§ **Given information**
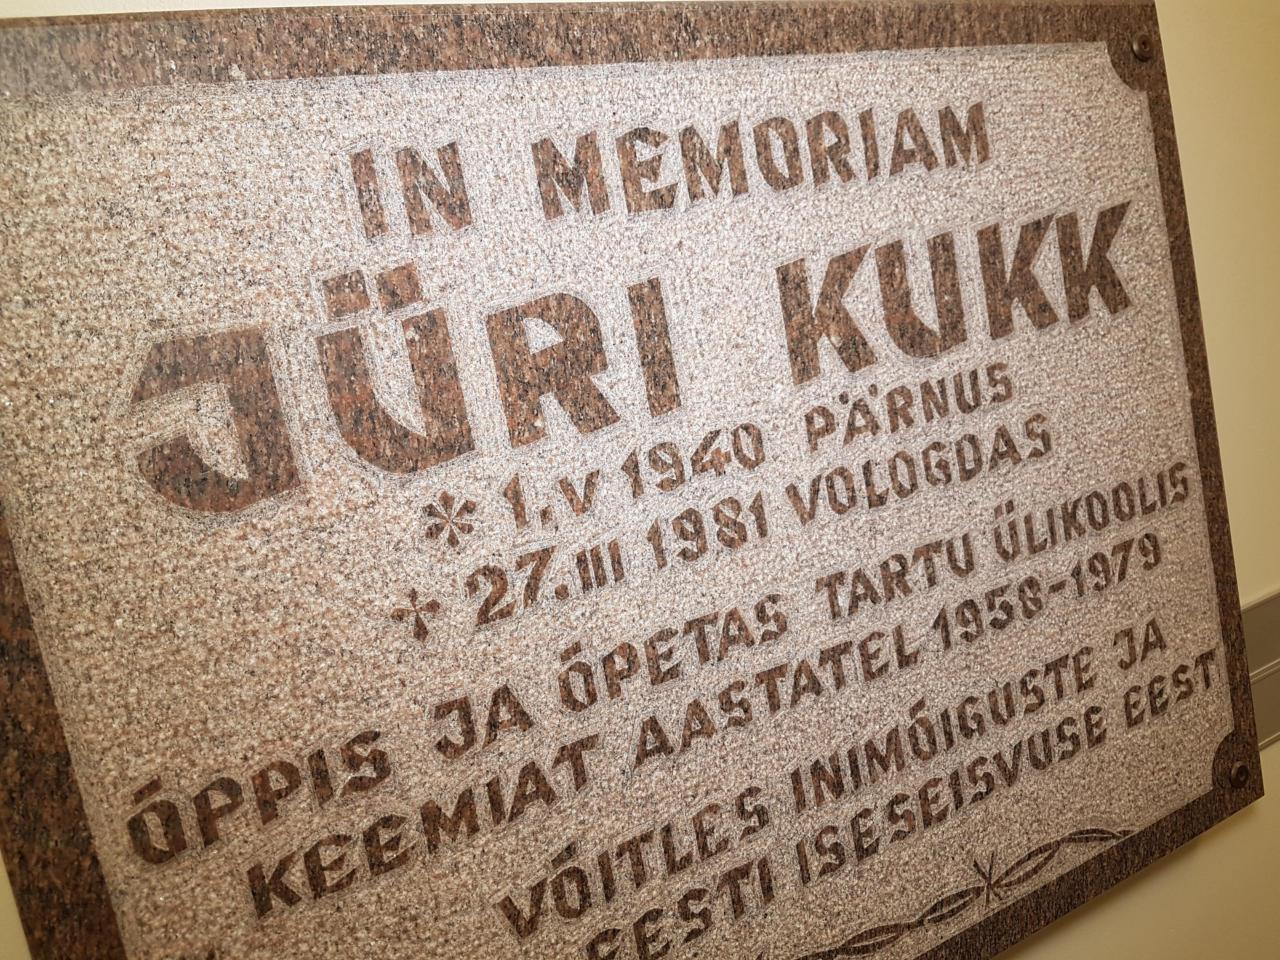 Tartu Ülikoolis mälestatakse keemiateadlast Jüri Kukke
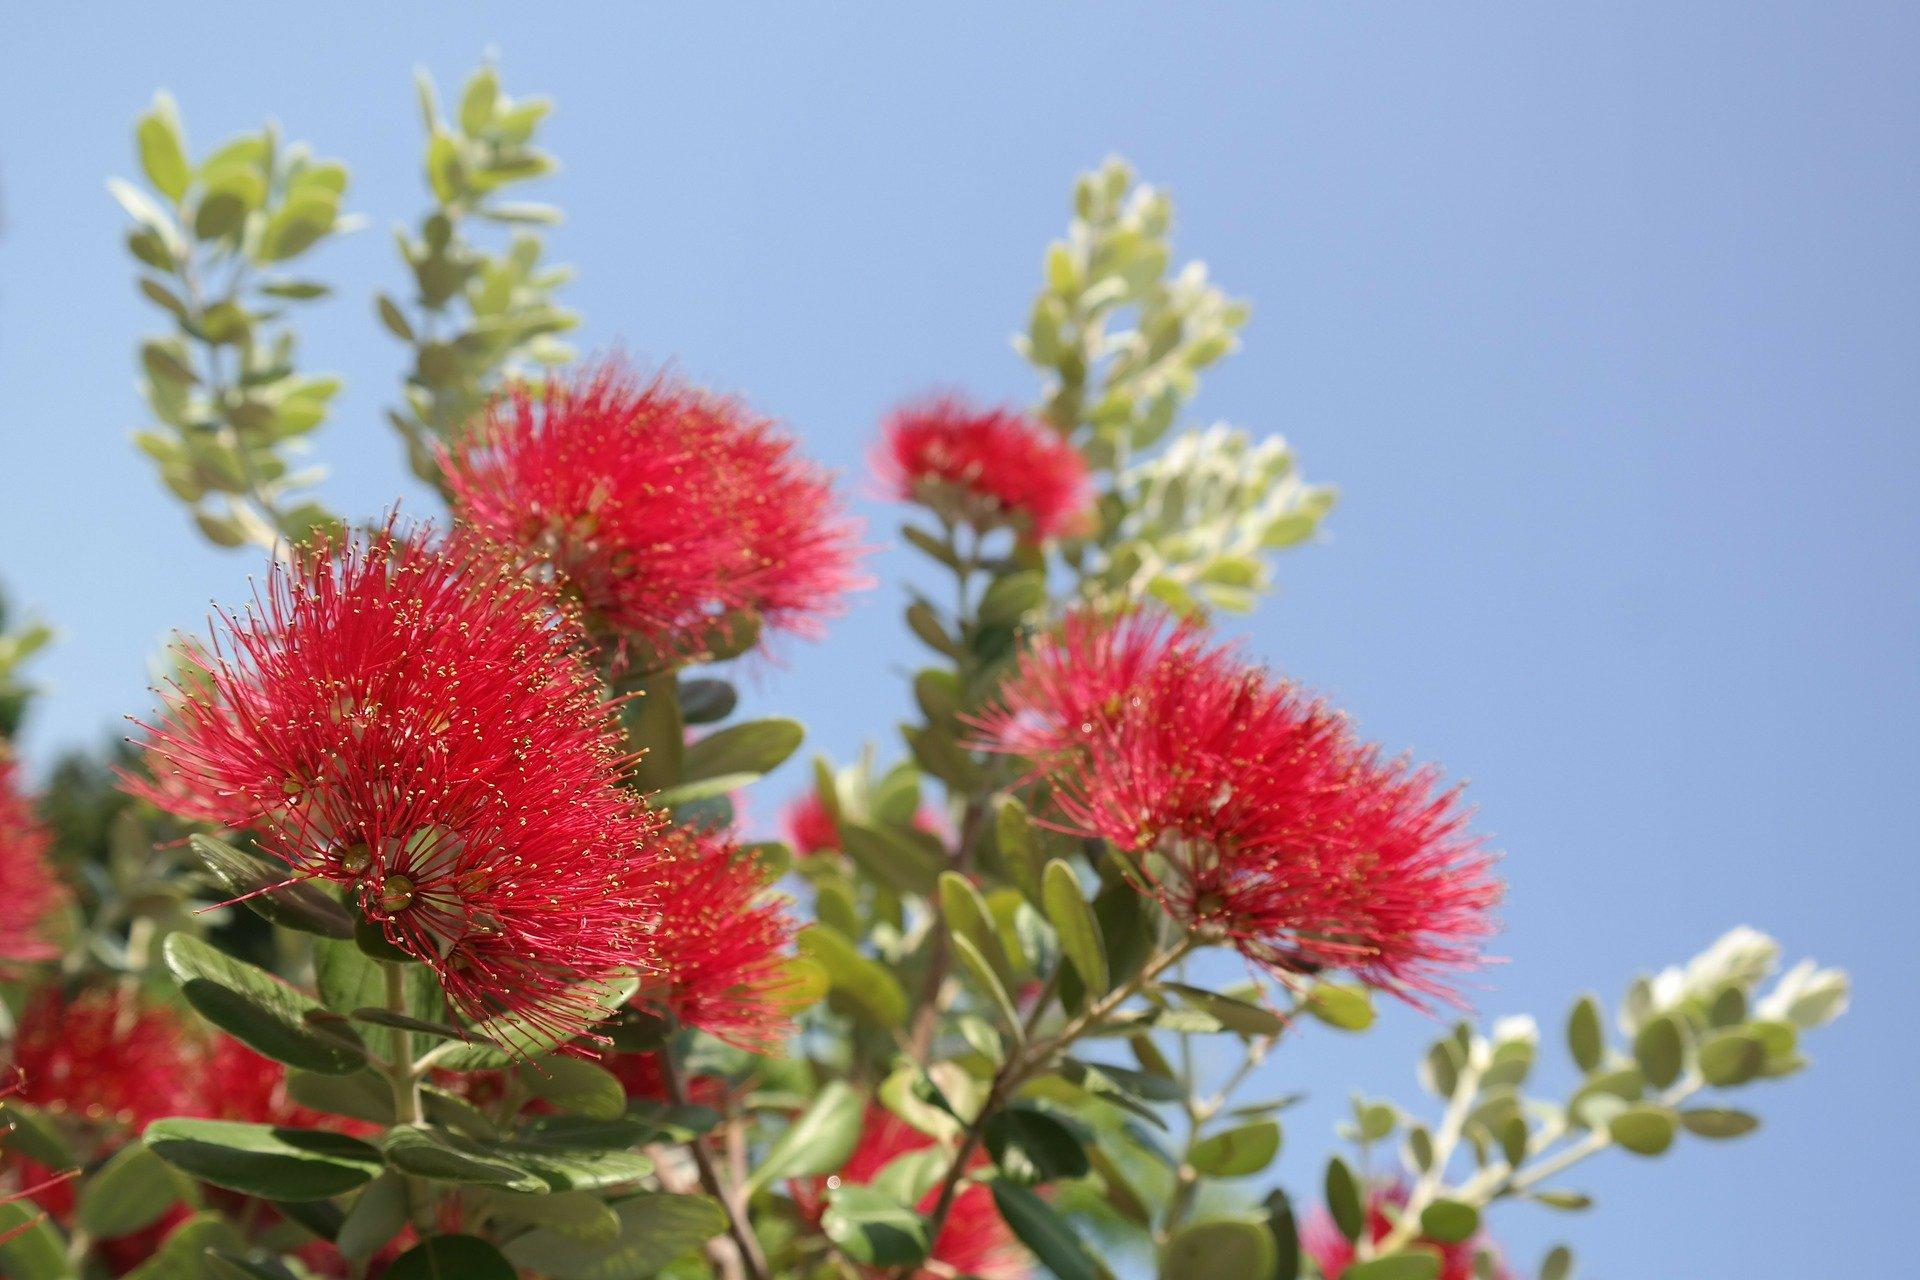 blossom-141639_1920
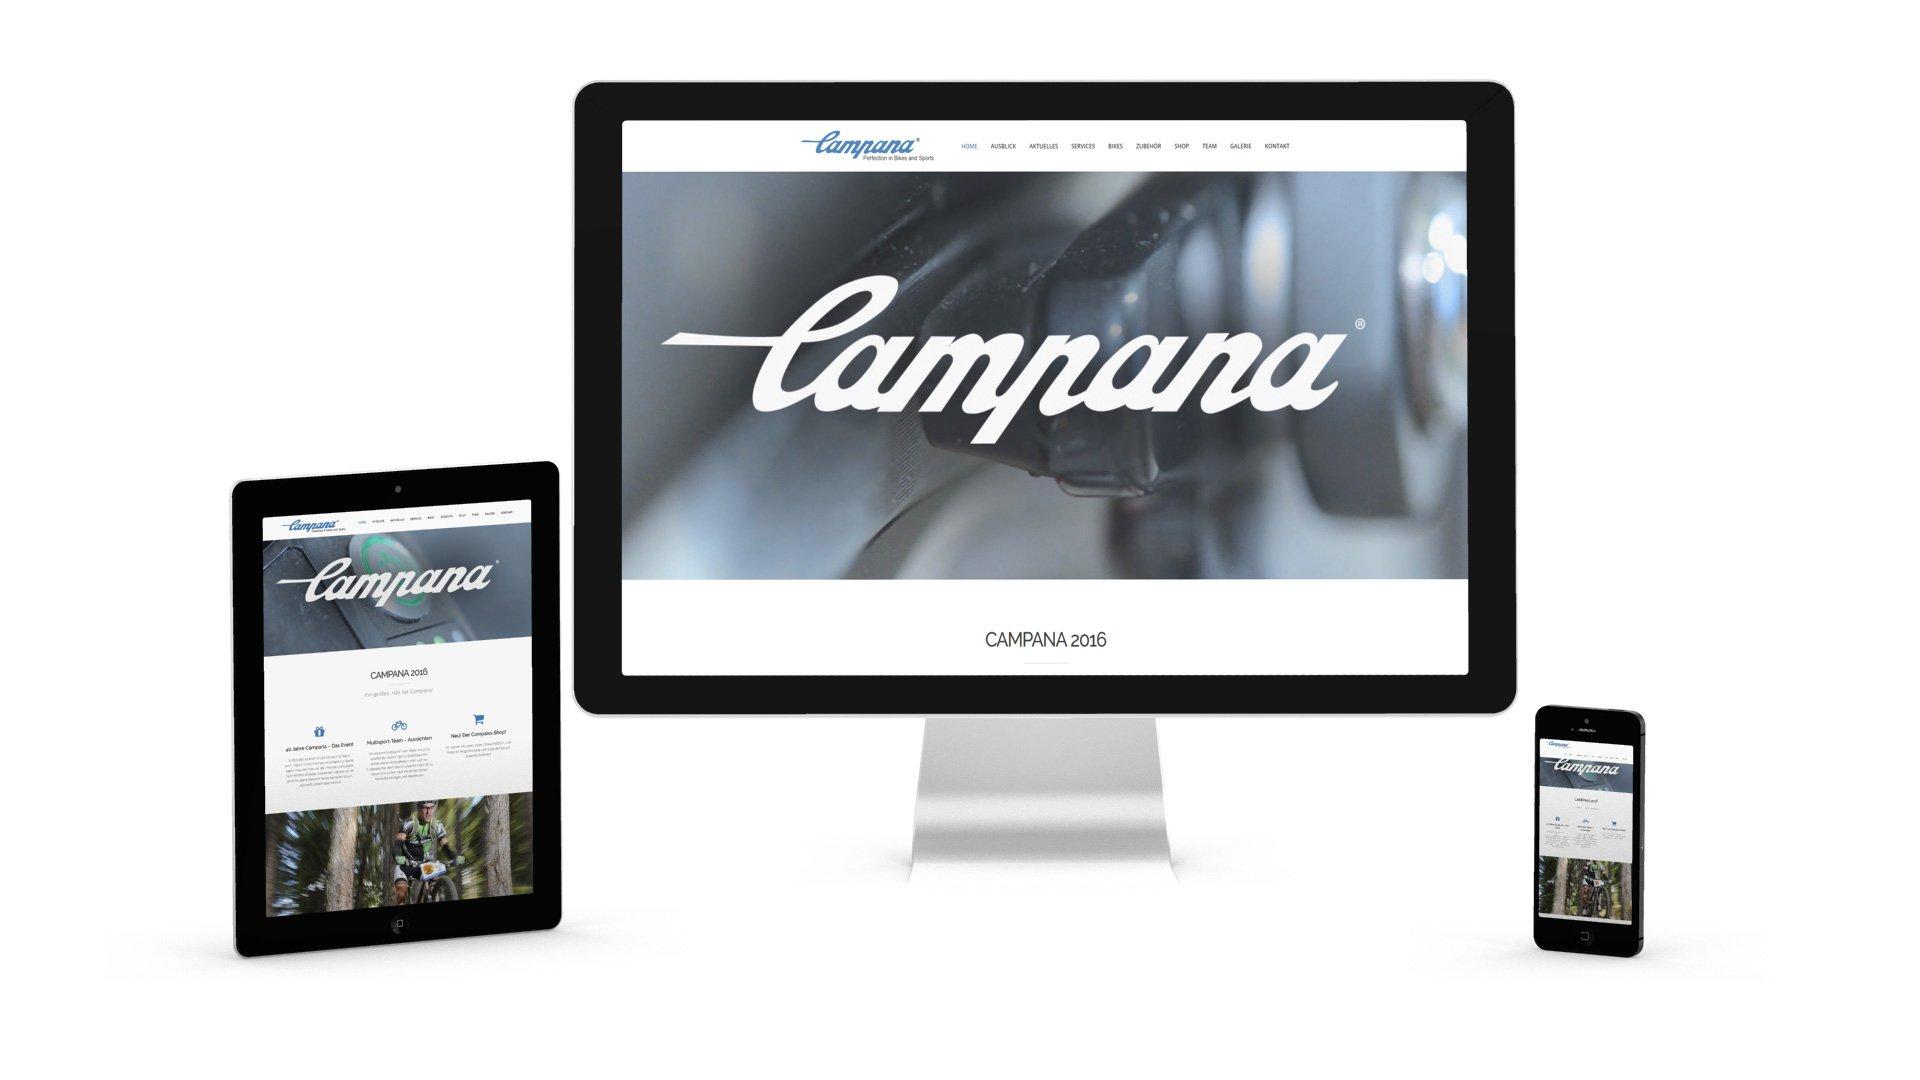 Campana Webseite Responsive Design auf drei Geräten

§ **What to do**
Would it be possible to reproduce the material word for word, images omitted?

§ **Result**
 Tartu Ülikoolis mälestatakse keemiateadlast Jüri Kukke
 blossom-141639_1920
 Campana Webseite Responsive Design auf drei Geräten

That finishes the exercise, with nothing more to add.